The Covid Diaries: Day 7 - Travel Edition

The Covid Diaries: Day 7 - Travel Edition


5th October 2021

Our intrepid Covid-19 blogger, Darren Isaacs, picks up his blog where he left off as he sets off for 14 days of forced quarantine to visit his family in Australia. In this limited run of Covid Diaries, Travel Edition, he will share some of his travel and quarantine experiences alongside his musings on topical HR issues our clients are facing.

Doctor! Doctor!

I have been thinking about all the Covid travel requirements again. It is hard not to when they have become so central to my life at this point in time.

At the airports and on the flights over (all 24 hours of them), it was compulsory to wear a mask. I was worried about how it would feel for such an extended period of time, but I got used to it. I even saw a group of people going the full Naomi Campbell at Changi airport, though I think that was a personal decision rather than a legal requirement.
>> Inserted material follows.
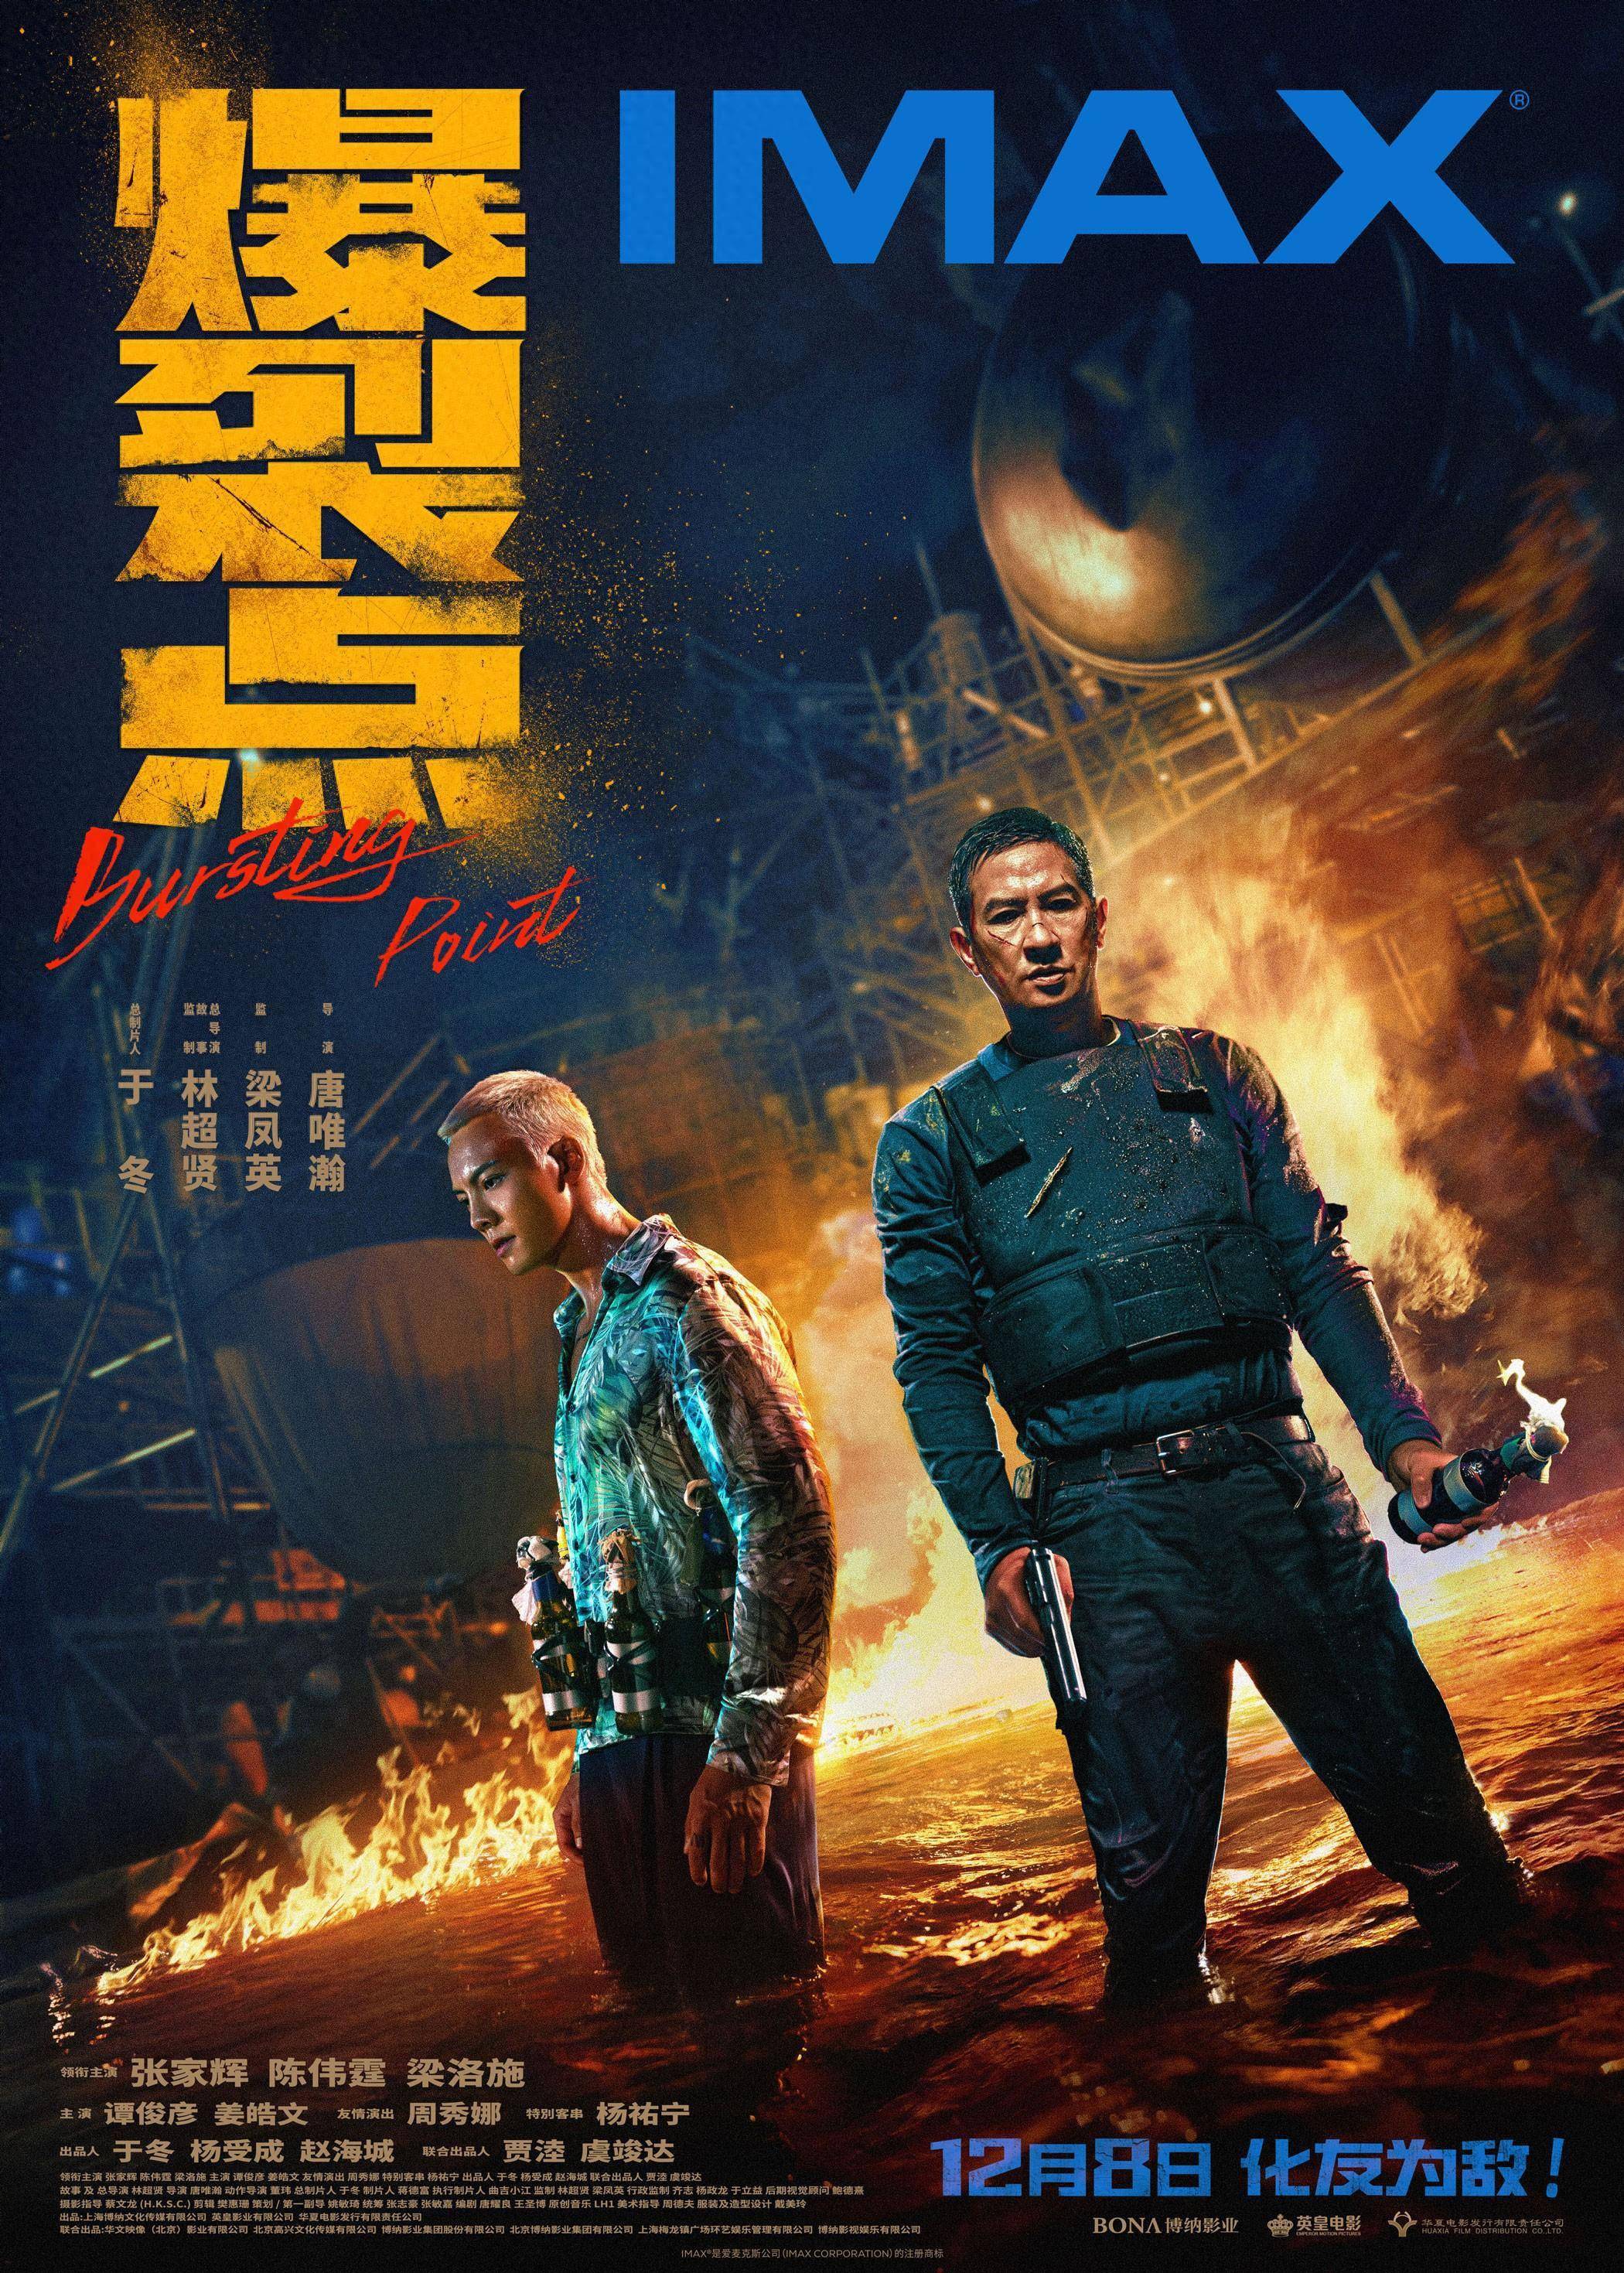 林超贤电影《爆裂点》12月8日登陆IMAX影院

I have also now had three PCR tests in the space of 10 days, and I am due another one today or tomorrow. After I am released for good behaviour, I will need another test two days later. Then another one 48 hours before I fly back to London via Singapore, two weeks later.

So, six tests in about a month. I feel like my life now revolves around tonsil swabs.

These travel rules can be a bit annoying but at least, I keep reminding myself, they are relatively simple and I know what to do. I love a rule and I especially love a simple one.

It got me to thinking about all the businesses (and employees) back in Blighty who are struggling with what to do as they re-open the world of office work. Naturally, many seek out governmental advice in the hope that there will be some clear guidance on various HR legal issues. Sadly, such clarity is proving elusive.

As well as the health & safety angle, there is also the multitude of genuinely challenging scenarios that employers face around implementing policies that protect their staff whilst balancing the interests of employees in minority groups and working within data privacy guidelines (both of which are very important, even in a time of pandemic). Can we force people back into the office? Can we ask our staff if they are vaccinated? Can we keep a note of their responses? What if someone won’t get vaccinated? What if someone won’t come back into the office but they can’t work from home? What if someone is a high-risk individual?  Etc etc.

Ultimately, the answers to these questions – like many employment law questions – tend to come down to the employer acting “reasonably” (whatever that may mean in a pandemic) and making “reasonable” adjustments (see last comment).

The challenge, as always, is that what is “reasonable” to me may differ from what is “reasonable” to you; what is “reasonable” to an employee and, most importantly, what is “reasonable” to some employment judge who has previously had nothing to do with your business but has the benefit of hindsight two years down the line.

You get the point.

It cries out for some temporary regulations to be made which state, quite simply, what employers can do and what they can’t. With specificity. They don’t have to be prescriptive, but some regulatory clarity could help to answer a lot of these questions.

We may not always like rules, but they can at least take the guess work out and let you get on with things. Like the travel rules, even if they are doing wonders for the staycation market.